At this state we can evaluate probabilities of default (PD) for all observations by group as follows:
# Cteate a data frame of PD:
df_test_aic %>%
mutate(prob_default = test_pred,
BAD = case_when(BAD == 1 ~ "Default", TRUE ~ "NonDefault")) -> prob_default_df
# Show some statistics:
prob_default_df %>%
group_by(BAD) %>%
summarise_each(funs(min, max, median, mean, n()), prob_default) %>%
mutate_if(is.numeric, function(x) {round(x, 4)}) %>%
knitr::kable(caption = "Table 3: Probabilities of Default by Group for Test Data")

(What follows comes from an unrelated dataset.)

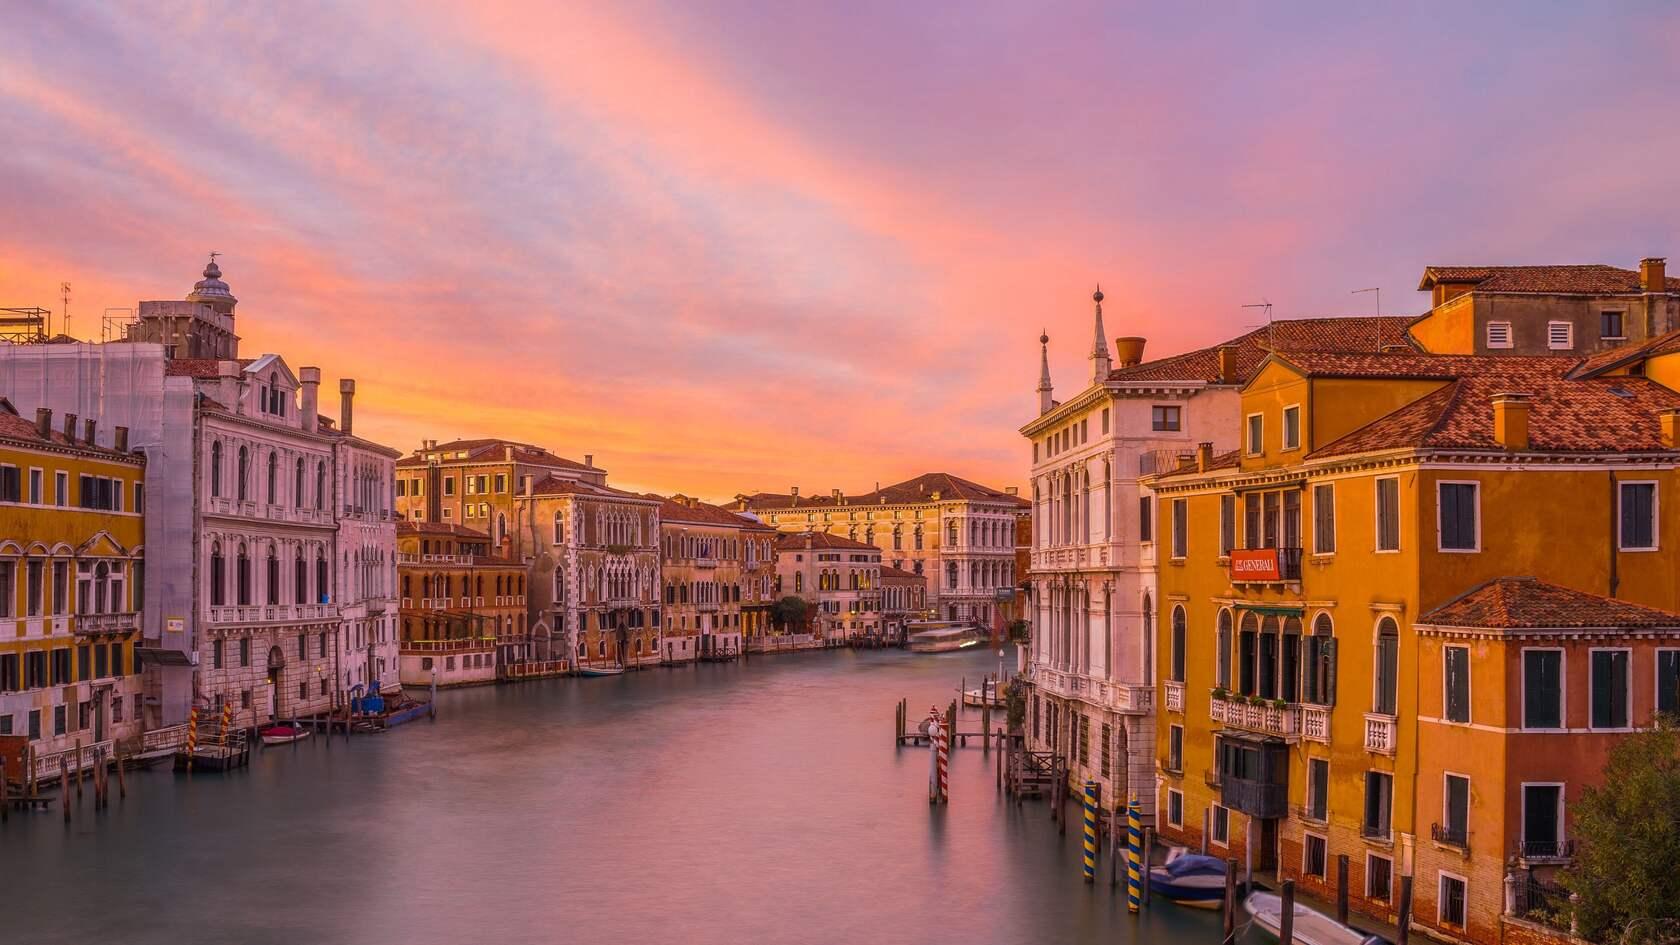 黄昏下的威尼斯,运河,渠道,沿河建筑唯美高清4k壁纸图片第1张图片

Table 3: Probabilities of Default by Group for Test Data
Default |
0.0074 |
0.9840 |
0.5152 |
0.4946 |
595 |
NonDefault |
0.0056 |
0.9407 |
0.0417 |
0.1140 |
2385 |
# PD Distribution by group:
prob_default_df %>%
group_by(BAD) %>%
summarise(tb = mean(prob_default)) %>%
ungroup() -> mean_prob_test
prob_default_df %>%
ggplot(aes(prob_default, color = BAD, fill = BAD)) +
geom_density(alpha = 0.3) +
geom_vline(aes(xintercept = mean_prob_test$tb[1]), linetype = "dashed", color = "red") +
geom_vline(aes(xintercept = mean_prob_test$tb[2]), linetype = "dashed", color = "blue") +
geom_text(aes(x = 0.44, y = 9.2, label = mean_prob_test$tb[1] %>% round(4)), color = "red", size = 4) +
geom_text(aes(x = 0.1 + 0.07, y = 9.2, label = mean_prob_test$tb[2] %>% round(4)), color = "blue", size = 4) +
theme(legend.title = element_blank()) +
theme(legend.position = c(0.88, 0.8)) +
theme(plot.margin = unit(c(1, 1, 1, 1), "cm")) +
labs(x = NULL, y = NULL, title = "Figure 4: PD Distribution by two Credit Groups for Test Data")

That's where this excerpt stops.